Records shown:
·····

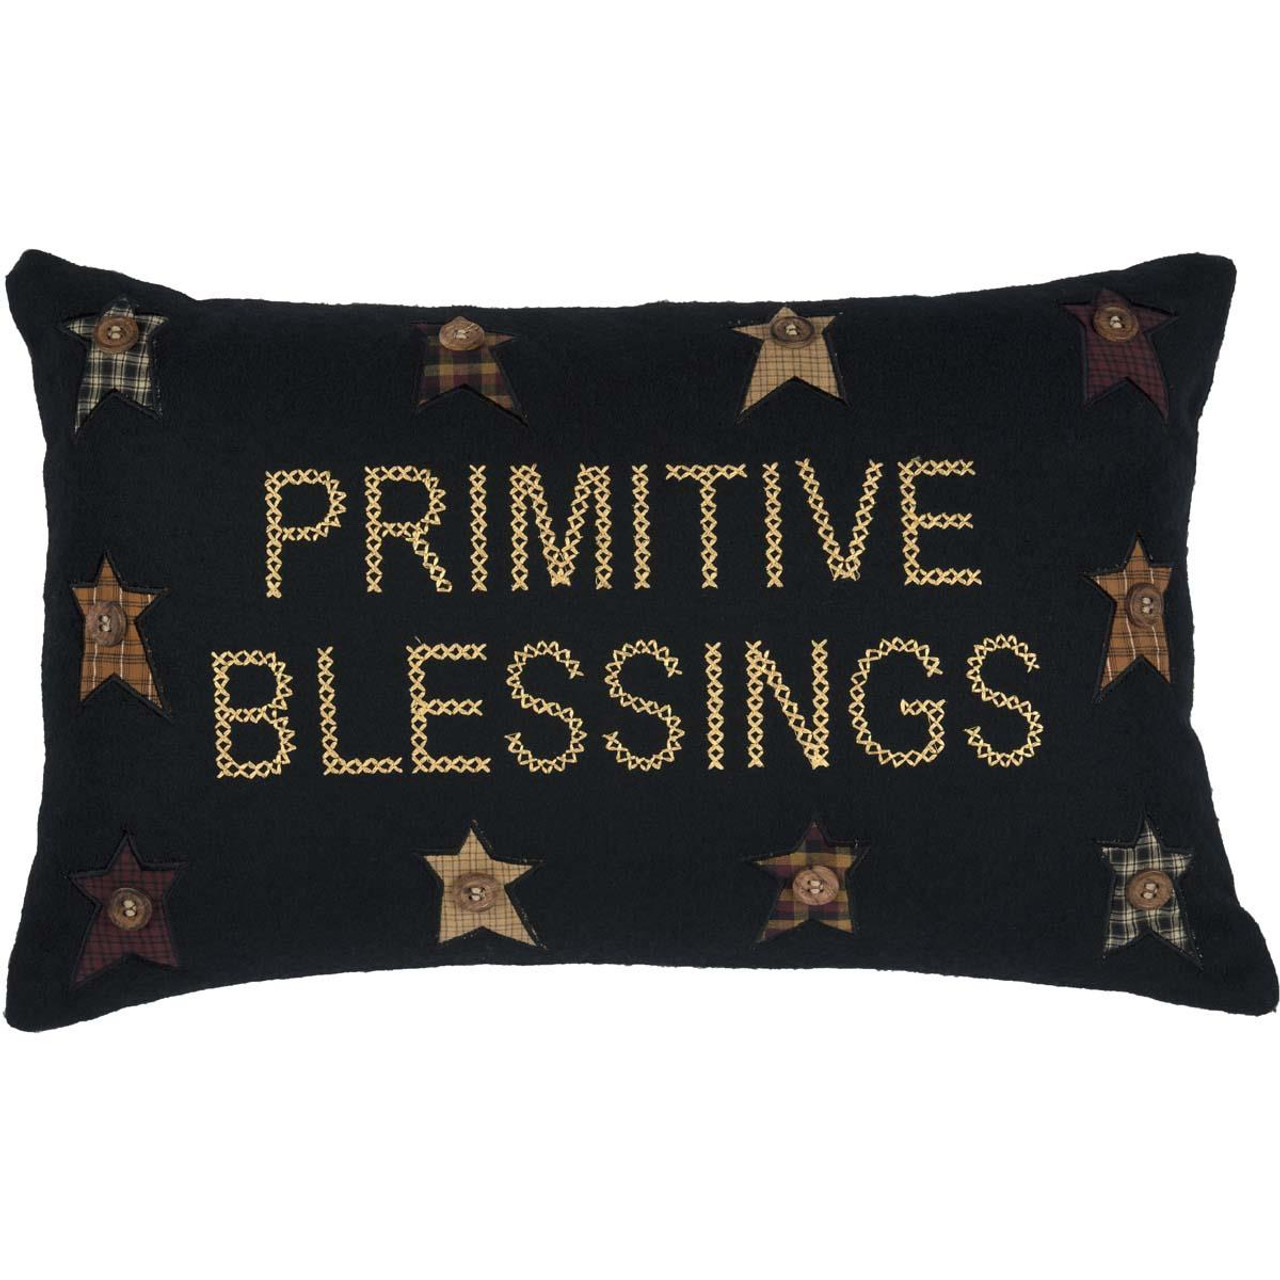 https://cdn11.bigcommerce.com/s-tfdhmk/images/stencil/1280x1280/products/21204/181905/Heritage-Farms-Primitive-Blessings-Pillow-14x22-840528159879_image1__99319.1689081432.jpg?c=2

·····

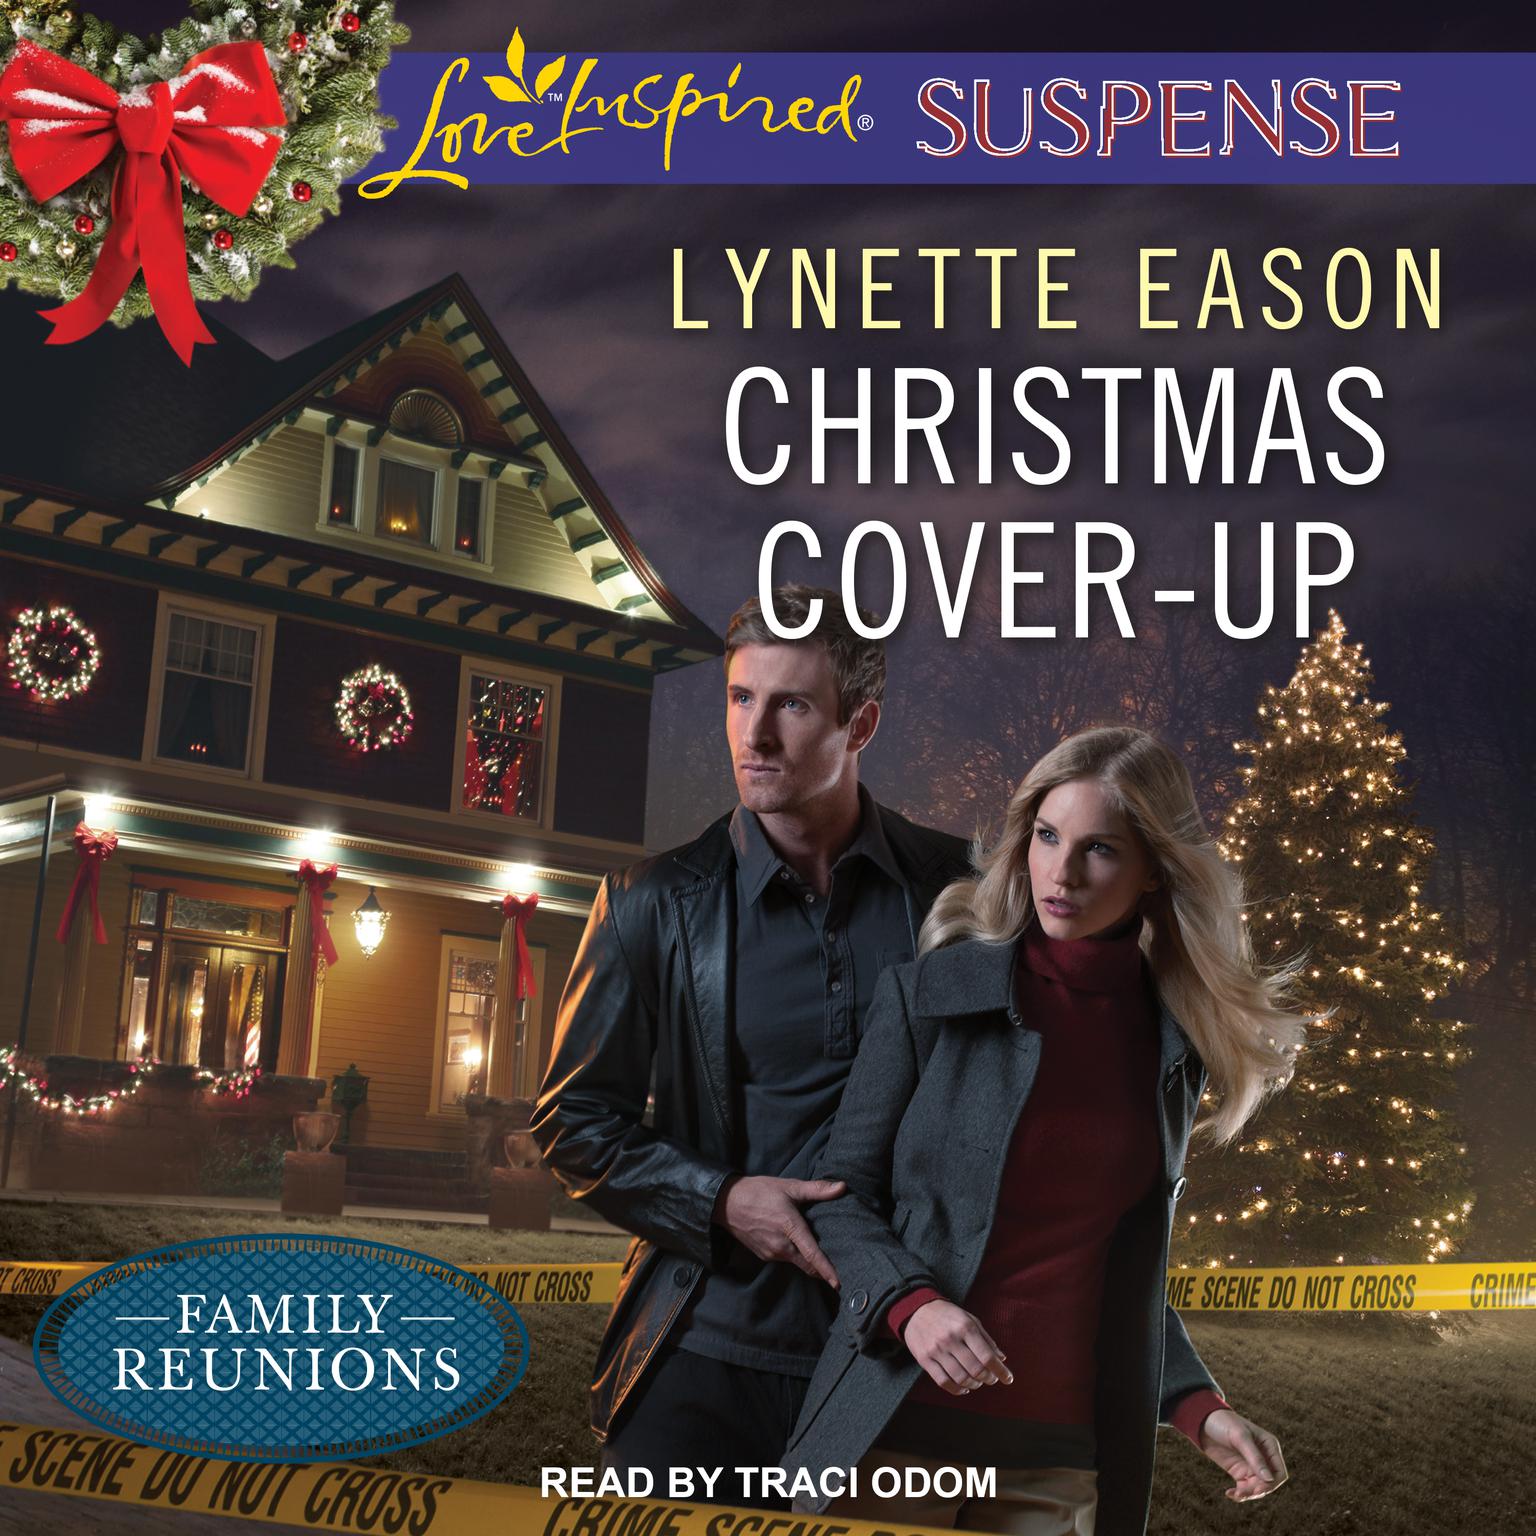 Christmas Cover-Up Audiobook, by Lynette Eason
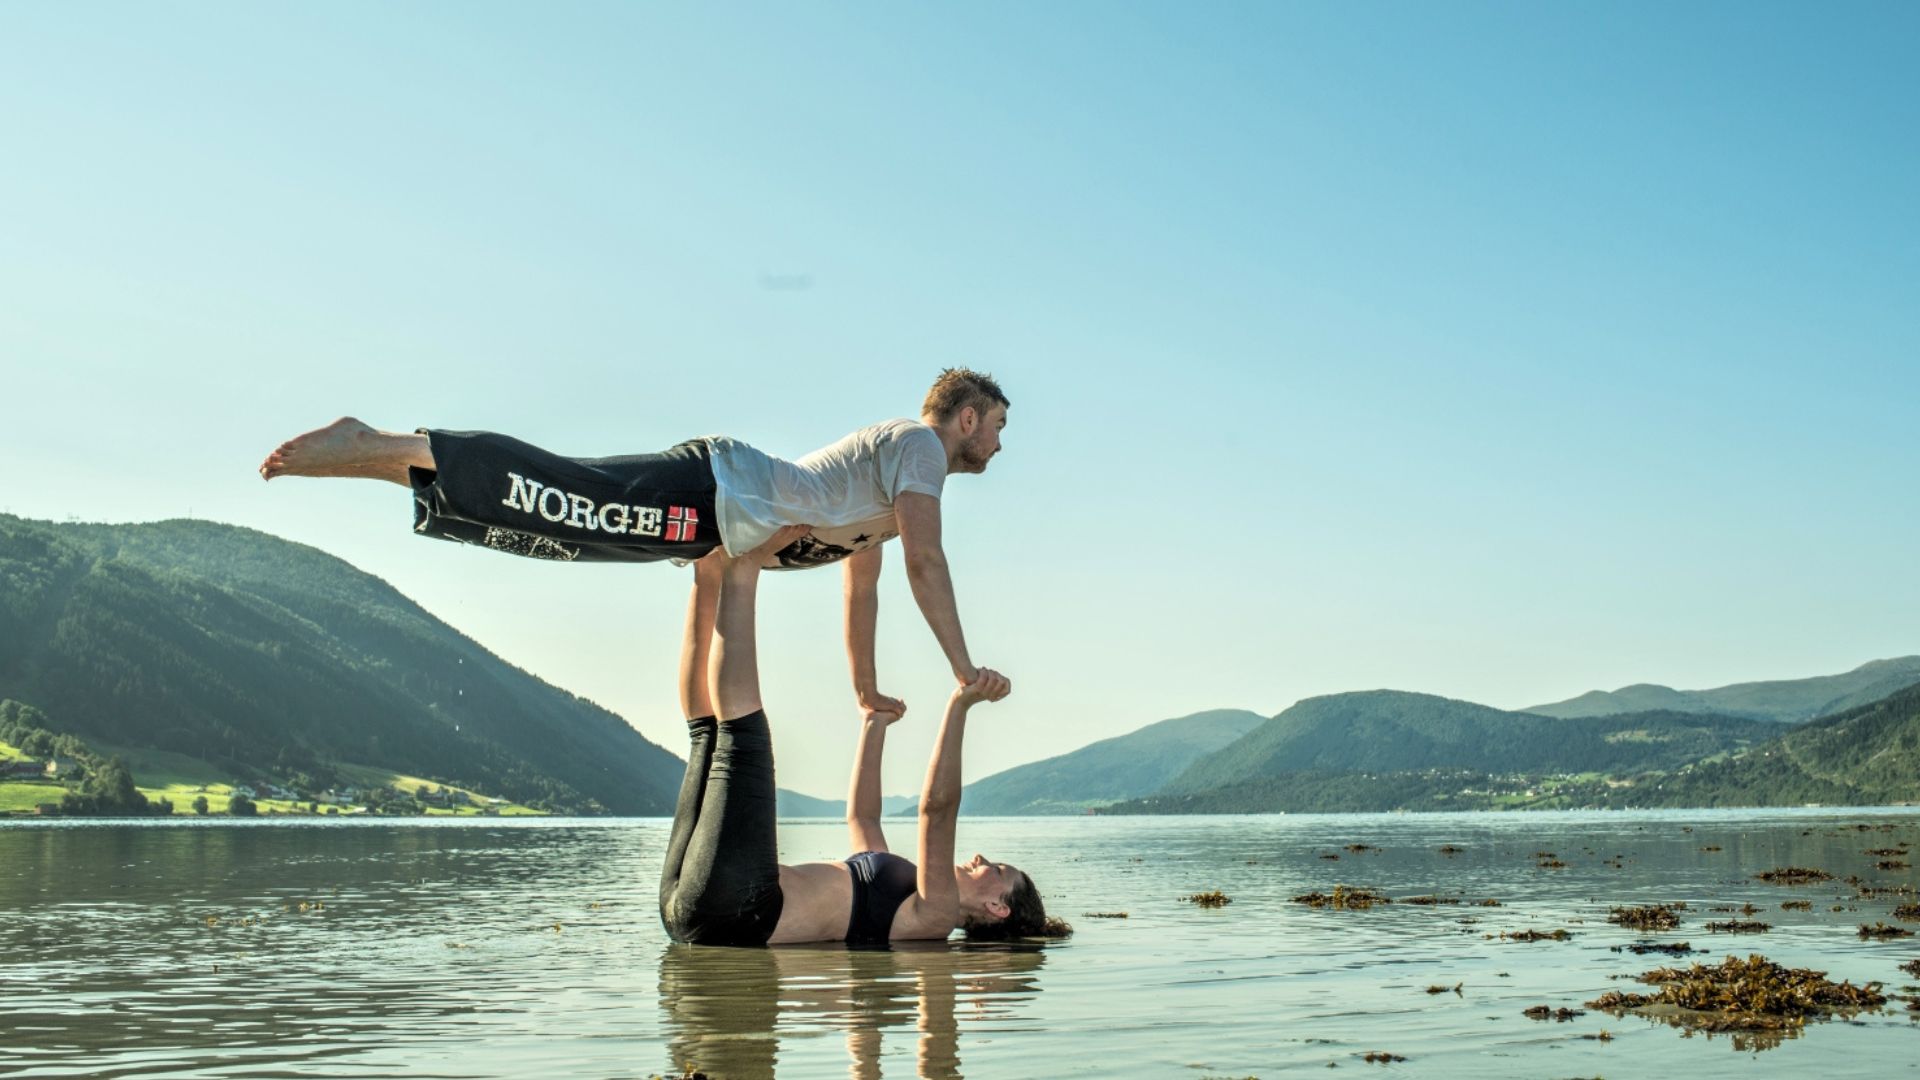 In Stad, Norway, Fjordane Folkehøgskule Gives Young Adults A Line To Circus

·····

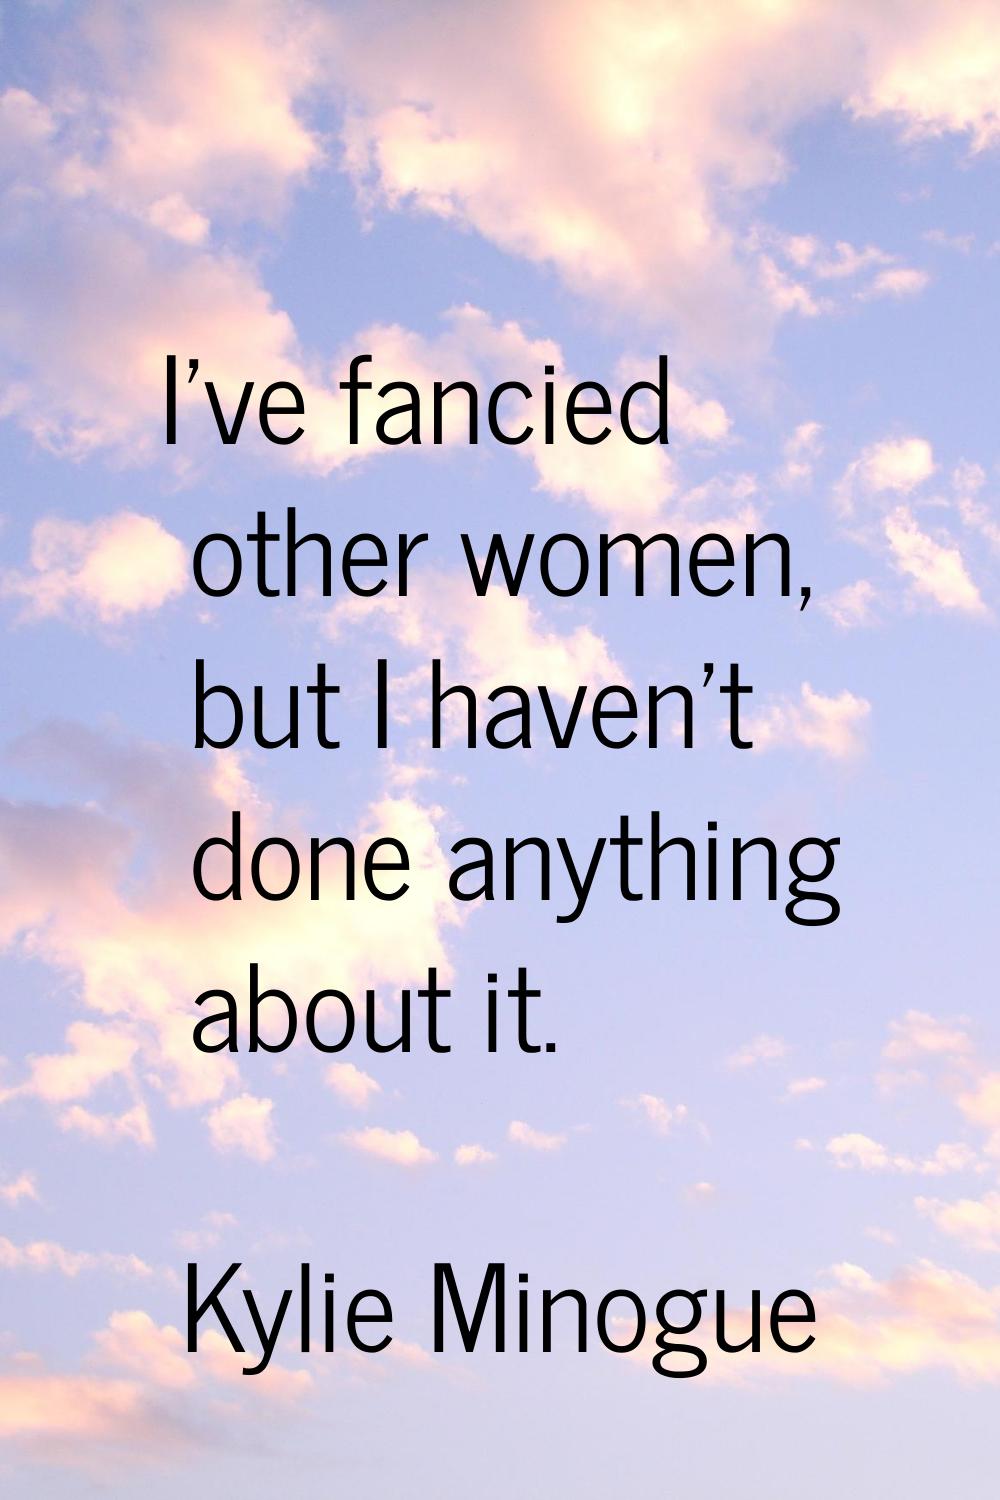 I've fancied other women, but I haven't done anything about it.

·····

About this task: "Christmas Cover-Up Audiobook, by" marks the first line to copy, and "In Stad, Norway, Fjordane" marks the last. Repeat that stretch above exactly, with no pictures.

Output of the task:
 Christmas Cover-Up Audiobook, by Lynette Eason
 In Stad, Norway, Fjordane Folkehøgskule Gives Young Adults A Line To Circus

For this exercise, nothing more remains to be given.